After pulling ourselves away from the magnificent artworks, we headed to the Les Halles area for dinner. Christy and I decided to take Lety to Num for dinner. It is one of my favorite places in Paris because of the location, its unique ambiance, and the fact that it serves Thai food. I had the green curry with coconut milk and chicken. Yum. For dessert, once again, I had the sticky rice with sliced mango. Fabulous!

After dinner, we decided to be cliche and go to the Eiffel Tower. As I have said in previous posts the Eiffel Tower is personally one of my favorite places in Paris. That probably sounds bizarre considering that I have spent so much time in this city, but there is something magical about the Eiffel Tower for me. It represents the iconic and idealized Paris of my childhood, and even when I visit it now, the images of Paris as a place of unparalleled mystery and intrigue re-emerge. It was wonderful to share this experience with two of my best friends.

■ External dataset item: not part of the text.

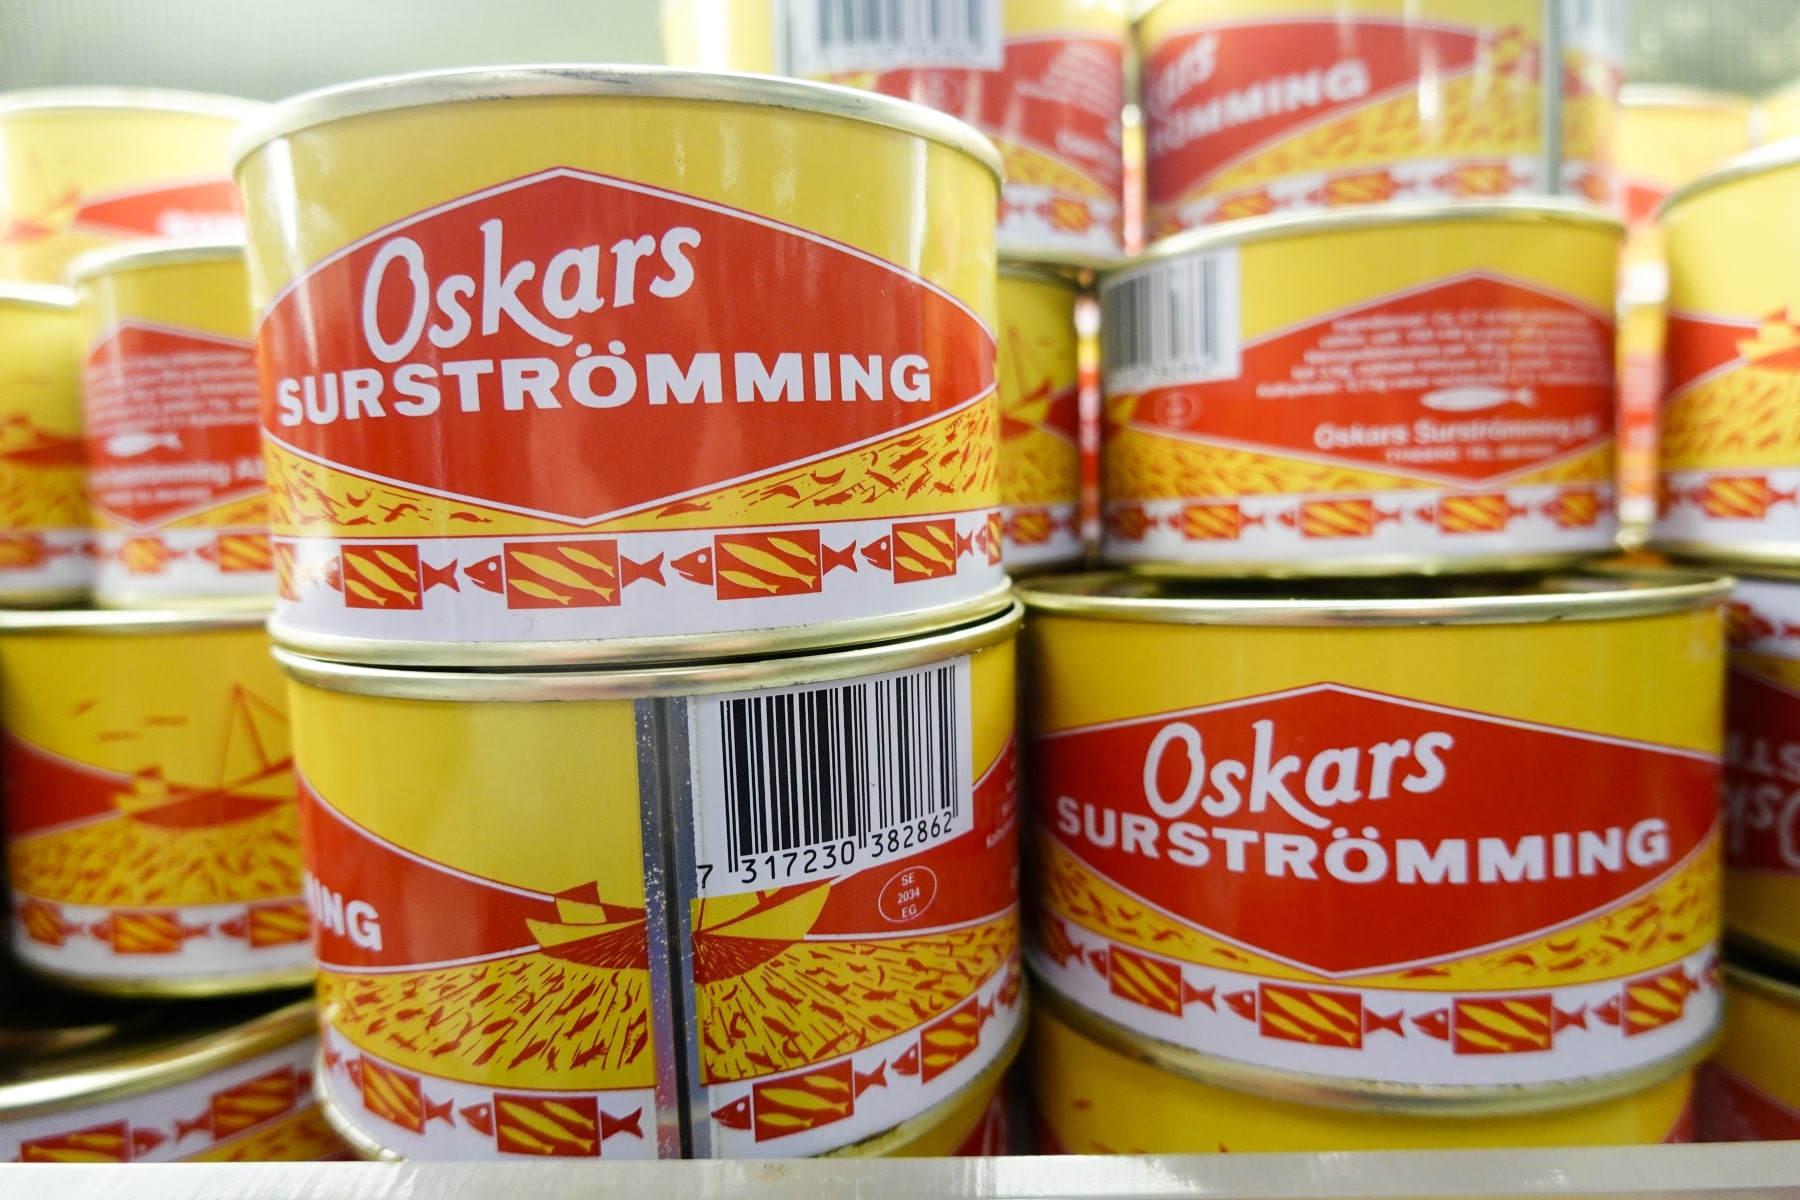 Buy Oskars Surstromming Online From Sweden - Made in Scandinavian

Richter%2B651.jpgIle St. Louis
Friday morning, Christy left Paris for Italy, where she will be spending six weeks at an archeological site with SMU-in-Italy. Lety and I were sad to see her go, but after our day together, I was in desperate need to throw myself back into the research mode. I spent all day Friday and Saturday at the INHA looking through books regarding religious iconography during the vogue of chinoiserie. After five, I emerged from the dim library into the light of day to meet Lety for dinner and exploration.

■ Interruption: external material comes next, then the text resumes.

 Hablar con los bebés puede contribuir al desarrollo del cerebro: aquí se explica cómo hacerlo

We ate in the St. Michel area at one of my favorite little restos of the area. It serves traditional French cuisine that is both of remarkable quality and price. I had mussels in a creme sauce, grilled salmon, and a rich chocolate mousse.

After our hefty dinner, we decided that a walk was in order. We decided to explore the Ile St. Louis and Ile de la Cite. These are two places where I have spent very little time aside from looking at the facade of Notre Dame. Lety loves churches, and I hadn’t had the time to explore much, so we decided to go and take some pictures of Notre Dame and the surrounding area. I had forgotten how majestic Notre Dame is, especially in the soft evening light. It was absolutely amazing. We also found many lesser-known treasures hidden on these two small land masses, including a group of street musicians playing flutes, the cathedral of St. Louis, and the Cafe Quasimodo.

Saturday was also Fete de la Musique. Fete de la Musique is an annual event in Paris where local and non-local bands and music groups gather to serenade the streets of Paris. Everywhere you go, on almost every corner, is another group waiting to entertain you. Large crowds gather, and the streets are in complete mayhem. This is definitely not a time to walk around the city, if you are actually trying to get somewhere. We were a little overwhelmed by all of the crowds and decided to head home after a dessert of gelato and crepes. Besides we would have to get up early in the morning for the gare. Once again, I was leaving Paris for a trip into the countryside. See more on that in the next post…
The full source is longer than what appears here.